Losing my religion felt just like a bird escaping captivity. The keys that opened the door weren’t of my choosing. The keys came in the form of being born with eyes that saw reality a little differently, or with ears that heard a different message. I was born singing a different song. I had questions instead of answers. My cage made no sense to me.
Also, the keys that freed me was life itself. Strangers I encountered, friendships I made, personal situations of crisis that forced me to shed all and begin again with the shackles removed. I was placed into a situation where I didn’t have anything to lose. My life I no longer clung to, and so I followed the piper to unknown territory.
I flew away.
I was born to fly away.
At first, I didn’t fit into this new world. I didn’t fare well. My wings were weak and my flight was uneasy. Living outside was incredibly lonely and terrifying. I tried to go back many times to the familiarity of my life before. However, I couldn’t find my way. My home didn’t exist anymore. I was lost. Caught between the known and the unknown. It was in this limbo, that I encountered the gentle care and guidance of the universe, the spirit, or as I used to define it, “God.” Slowly I began to trust this new world. I began meeting others that have made the journey out before me. The more I saw, the more I understood. The further away I flew, my cage became smaller and smaller to the point that I couldn’t get back in that door even if I wanted to with all my might. I no longer can fit. Freedom was not a death sentence, but my savior.
Fundamental Christianity used to be my cage.
It used to be my home.
But I lost my home and I cannot return now.
I can no longer live in a system that teaches that women are not equal. I cannot raise my children to sit in pews where they only hear sermons from men, hear prayers led only from men, and watch church leadership available to only men. This sexist display tells my children that women are beneath men. It tells them women aren’t capable, and shows them a hierarchy that is damaging to the empowerment and self-esteem of women.

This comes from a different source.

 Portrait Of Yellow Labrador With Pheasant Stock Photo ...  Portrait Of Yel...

I can no longer live in a system where people of different color, race, creed, nationality, or sexual orientation are not afforded the same quality of life that I have. The same spirit that has guided me out into the wild is the same spirit that guides them. We are all children of this great, caring Hand that I have gotten to know. We are all one.

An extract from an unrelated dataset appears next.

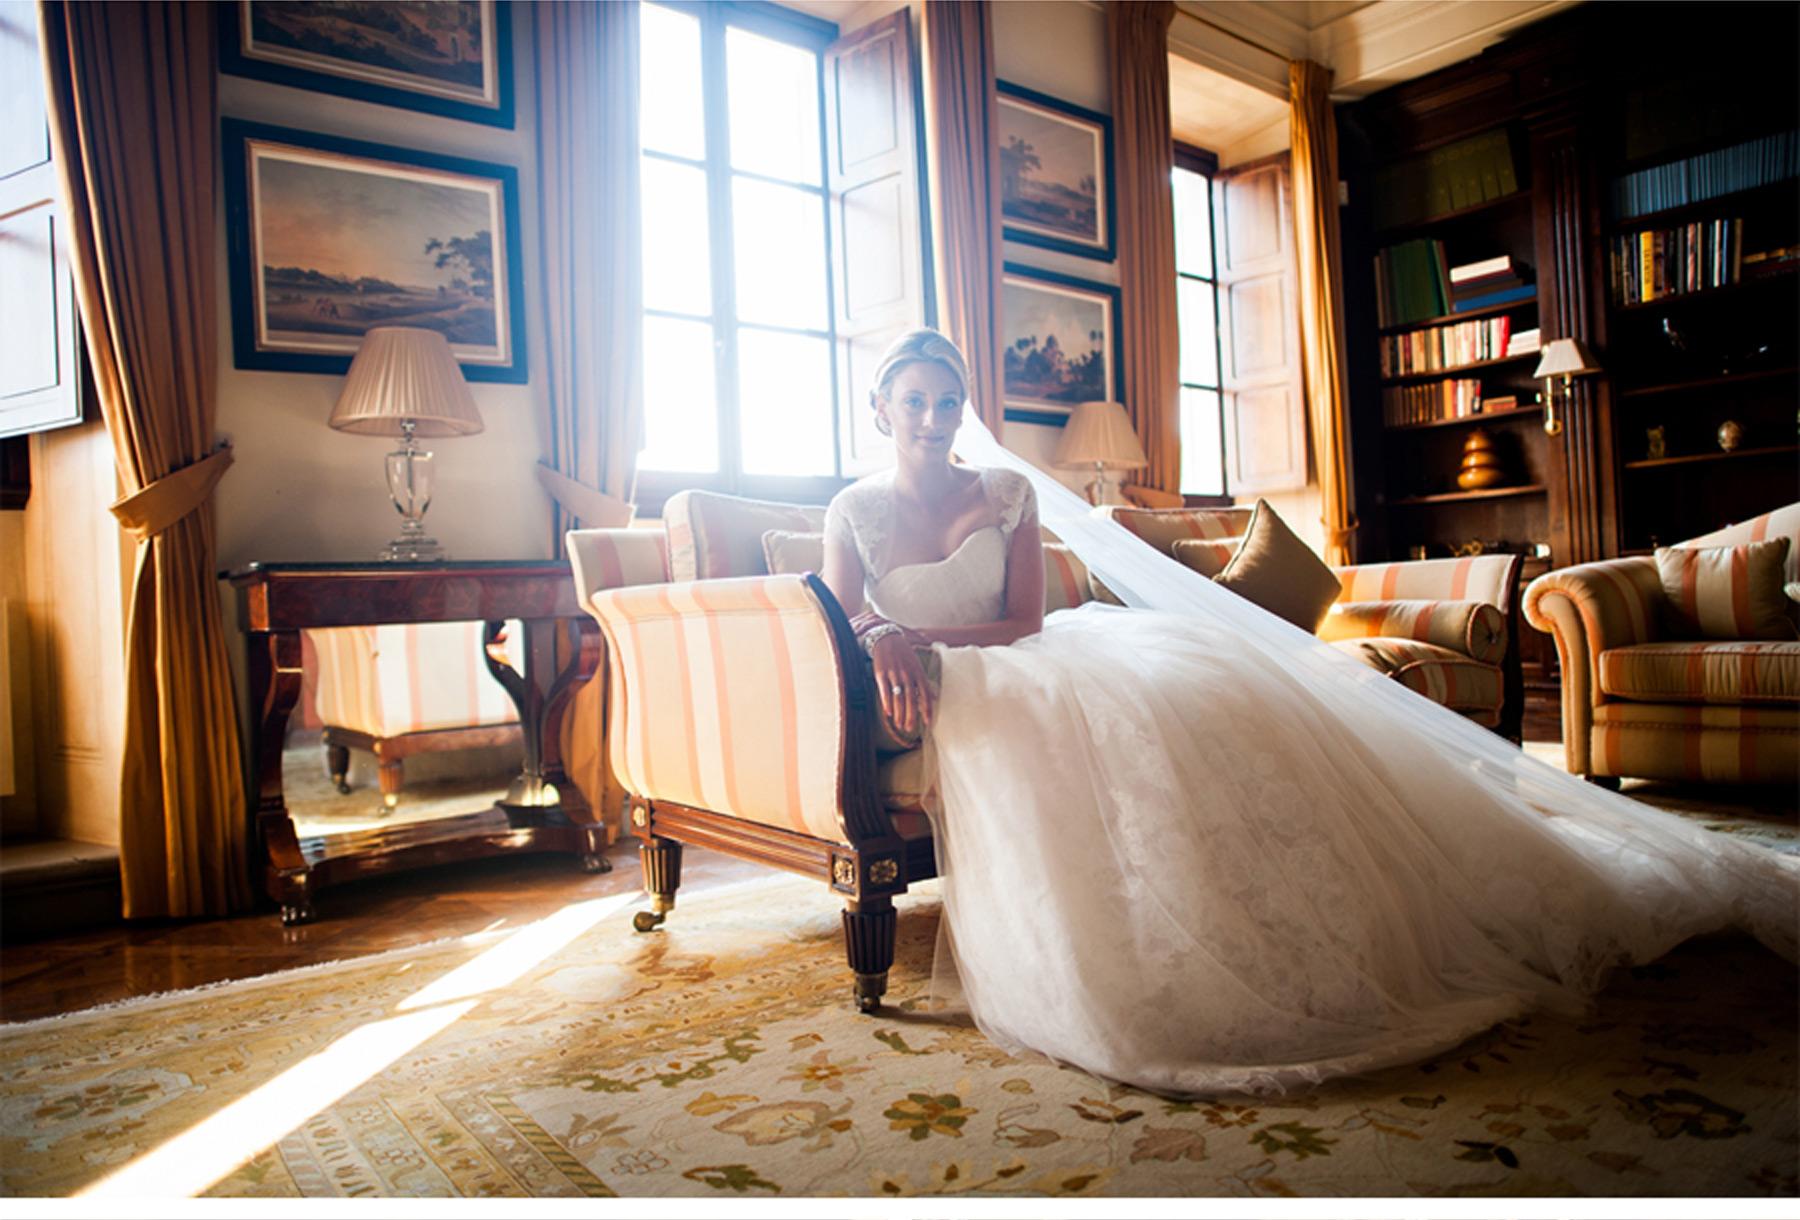 Our Muse - Italian Countryside Wedding - Be inspired by Meghan & Steven's Italian countryside wedding - wedding, luxury, italy, tuscany, il borro, ecru, garden, green, invitation, venue, inspired, getting ready, bridesmaids, bride, groom

I can no longer live in a fear laden jail cell that teaches that the only way to escape my enslavement is when my savior comes back and snatches me and all the other people living with me out, yet leaving all other creatures behind to suffer excruciating pain and torture.
I can no longer exist behind rusty bars where I am told that evolution or science isn’t credible. Outside in the wild, I’ve observed evolution at work. I’ve studied the fossil record, and held the skulls in my hands. I can’t unsee that or unlearn that. I cannot forget what I know about the scientific method or the lengths it takes to publish scientific research in a peer-reviewed journal.

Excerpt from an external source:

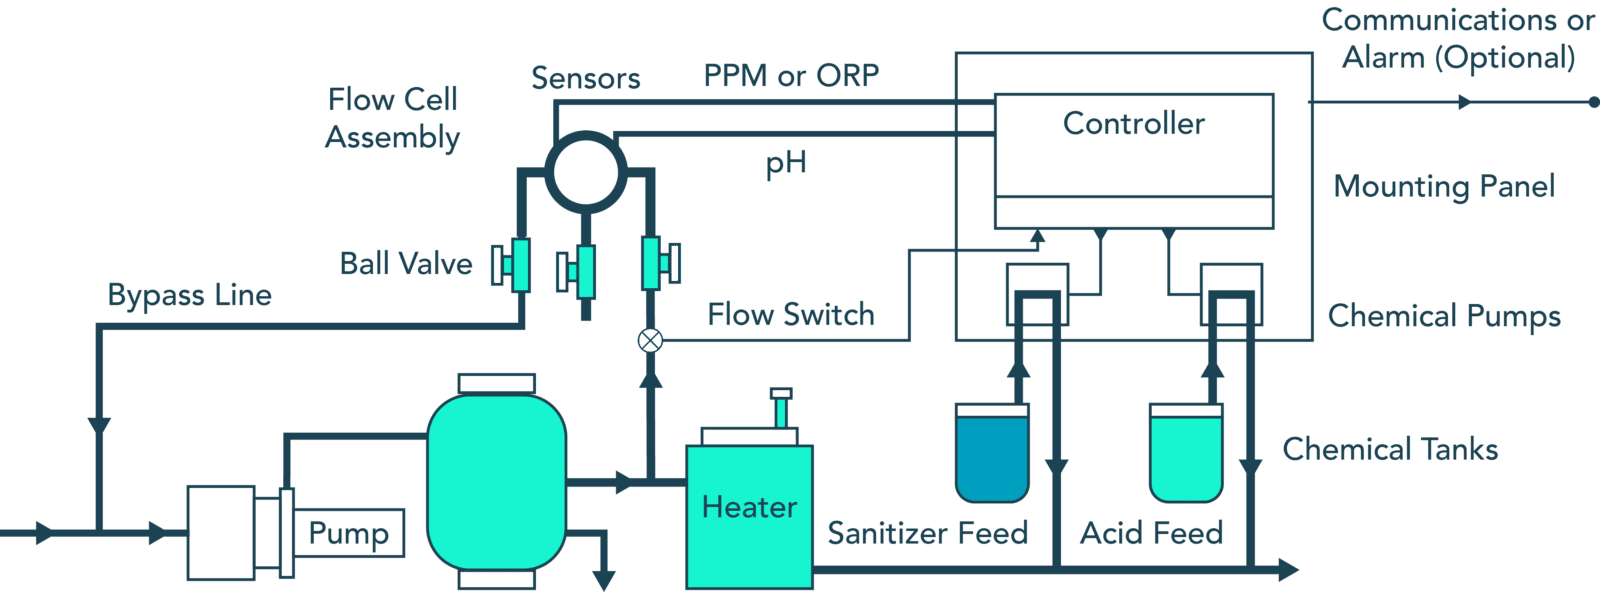 pool schematic wiring wiring library Marine Engine Wiring Diagram pool schematic auto electrical wiring diagram pool schematic

I can no longer live in confinement ruled by guilt and shame. The expectations inside are impossible for anyone to live up to, so much so, that it forces an inauthentic life. So many secrets within. So much hypocrisy.
And so I fly above and around my old cage now, hoping the ones inside will hear my song, or feel the wind from my wings. I no longer even want to get back inside, but open the door so that others can get out too. Some of them want to leave . I notice the subtle restlessness of their ruffling feathers. I could fly far, far away and never look back, but the people inside mean too much to me. The people outside mean too much to me. I will not and cannot leave anyone behind.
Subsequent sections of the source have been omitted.